There are mounting voices who raise concern about the situation where “major past incidents" are being forgotten this way amid the North’s lingering provocations toward the South. “North Korea, which cannot afford to stage a full-blown war due to a gap in national prowess vis-à-vis South Korea, can only focus on unconventional warfare using its elite troops, and the situation is intensifying,” said Yoo Dong-yeol, senior researcher at the Police Science Institute. “I regret that the public’s recognition in South Korea about the threat of North Korea’s aggression is dimming.” North Korea’s intelligence bureau that masterminded the Aungsan bombing was merged with the “operation bureau” around February 2009 and expanded to become the “general intelligence bureau” under the National Defense Commission.

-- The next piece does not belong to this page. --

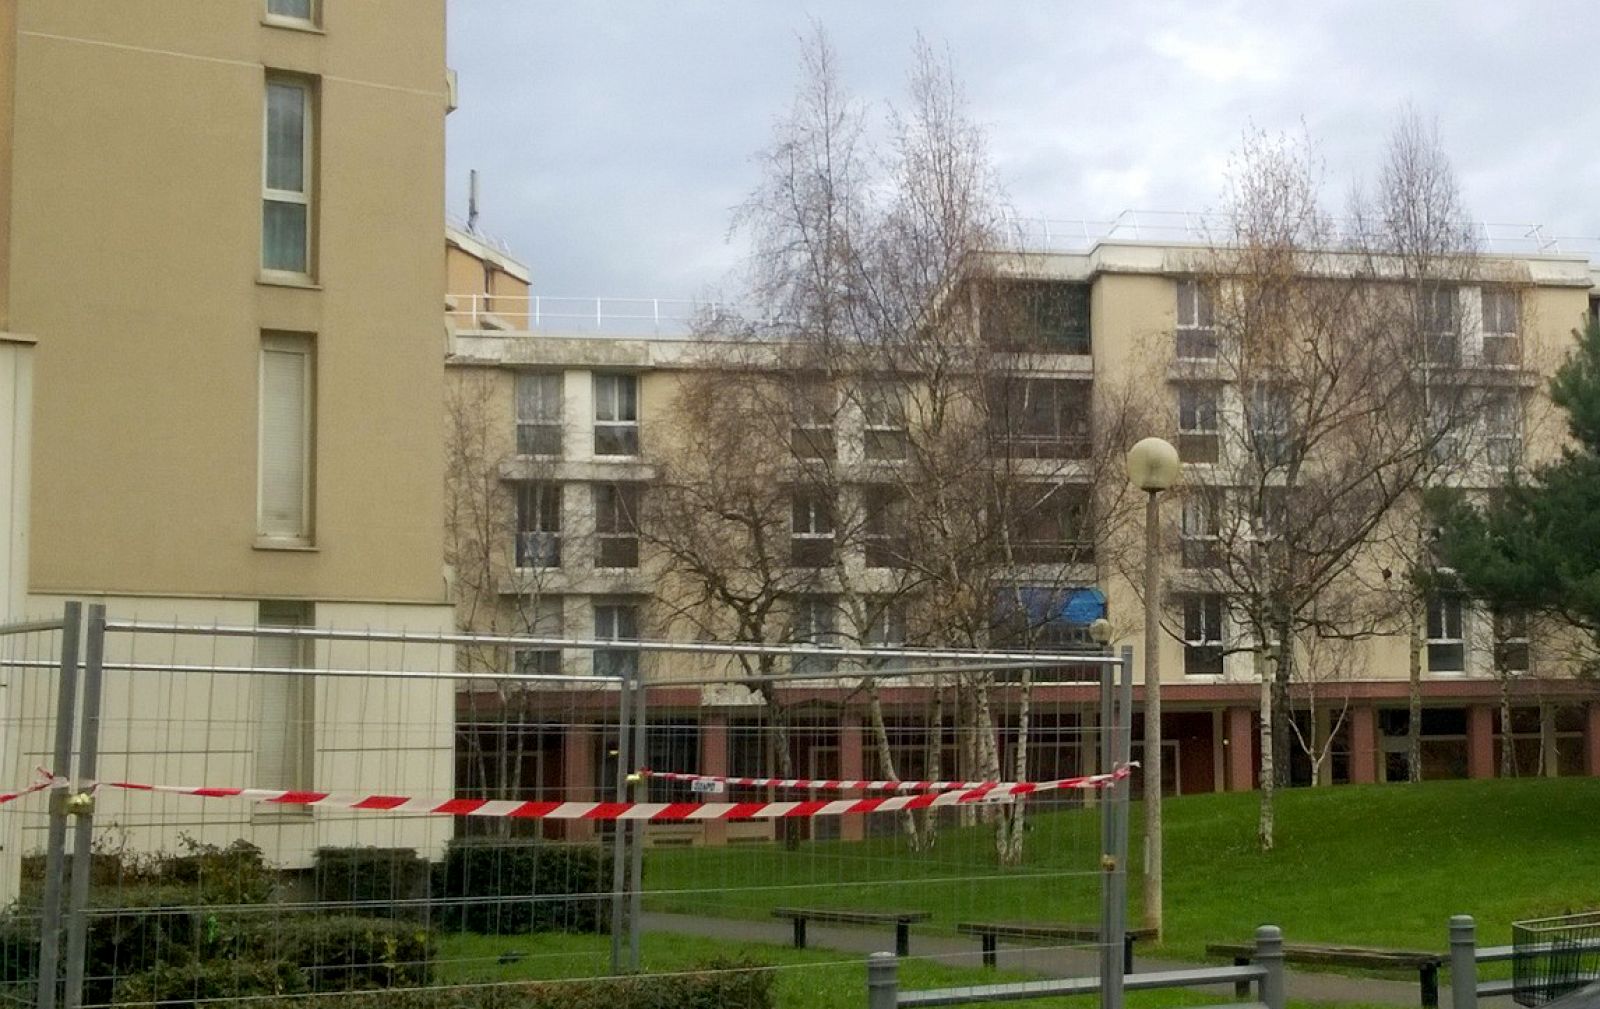 Urbanización de Villiers-sur-Marne, localidad cerca de París, en la que ha sido arrestado un hombre de 29 años vinculado con los atentados del 13 de noviembre
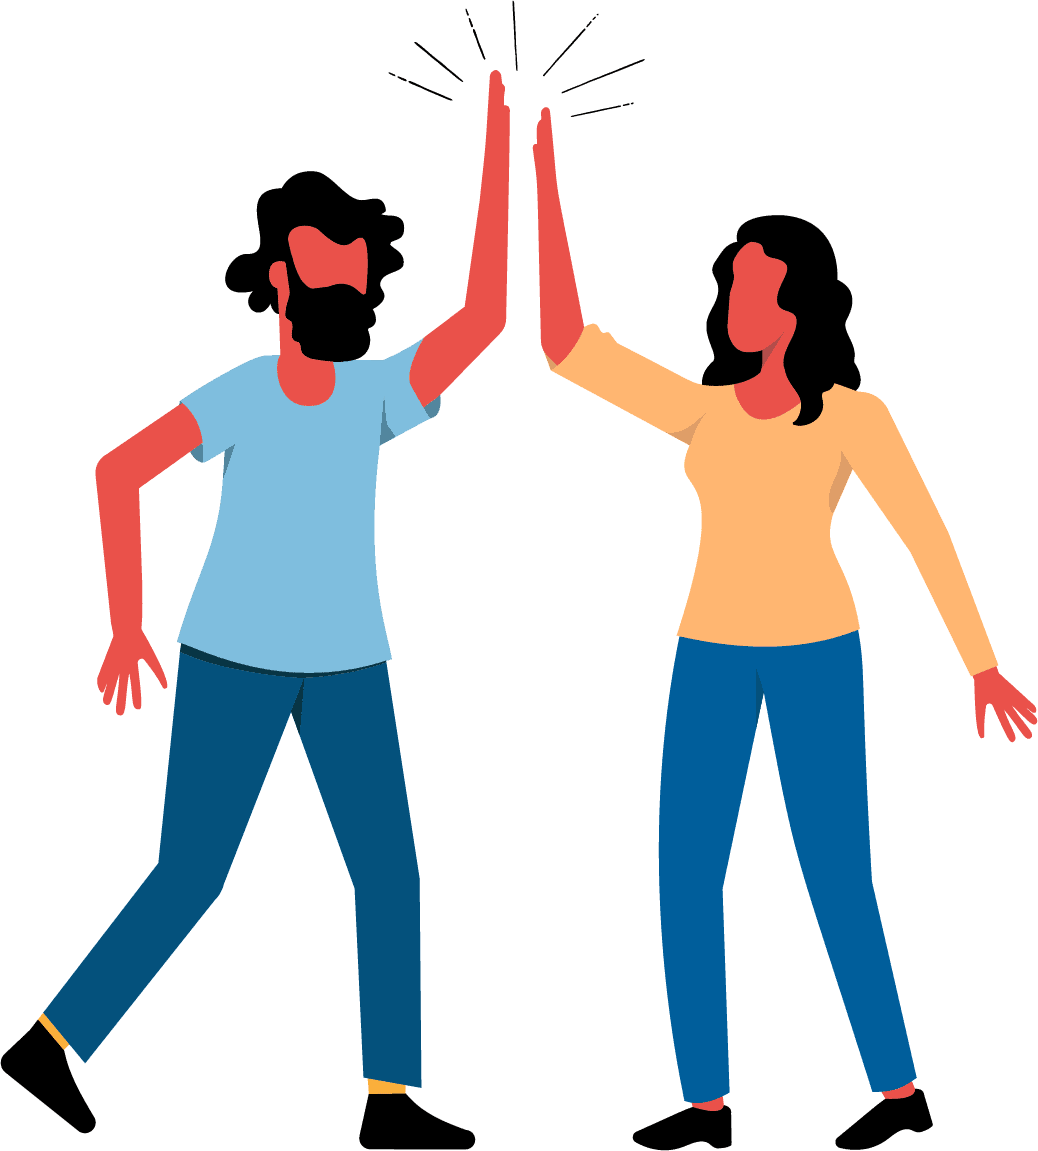 Dois adultos humanos usando o gesto comum de comemoração ou saudação em que dois humanos batem na palma da mão aberta um do outro com os braços levantados.

In fact, since the North’s inauguration of the general intelligence bureau, Pyongyang’s practice of aggressions is moving toward the trend of non-reconciliatory, military adventurism, a situation that is different from the past. The North conducted its second nuclear test in May 2009, and staged the Daecheong Naval Battle in the West Sea in November that year. The North also sank the South Korean naval corvette Cheonan through its torpedo attacks in March 2010, and launched artillery attacks on the South Korean island of Yeonpyeong in November that year, as it continued military-led aggressions.

Most of the eight history textbooks except Kyohaksa’s briefly mention that “military skirmishes between the two Koreas occurred in the west coast,” and “(The North’s) sinking of the Cheonan and artillery attack on Yeonpyeong Island increased tension in inter-Korean relations.” Three textbooks had no mention about the two incidents whatsoever.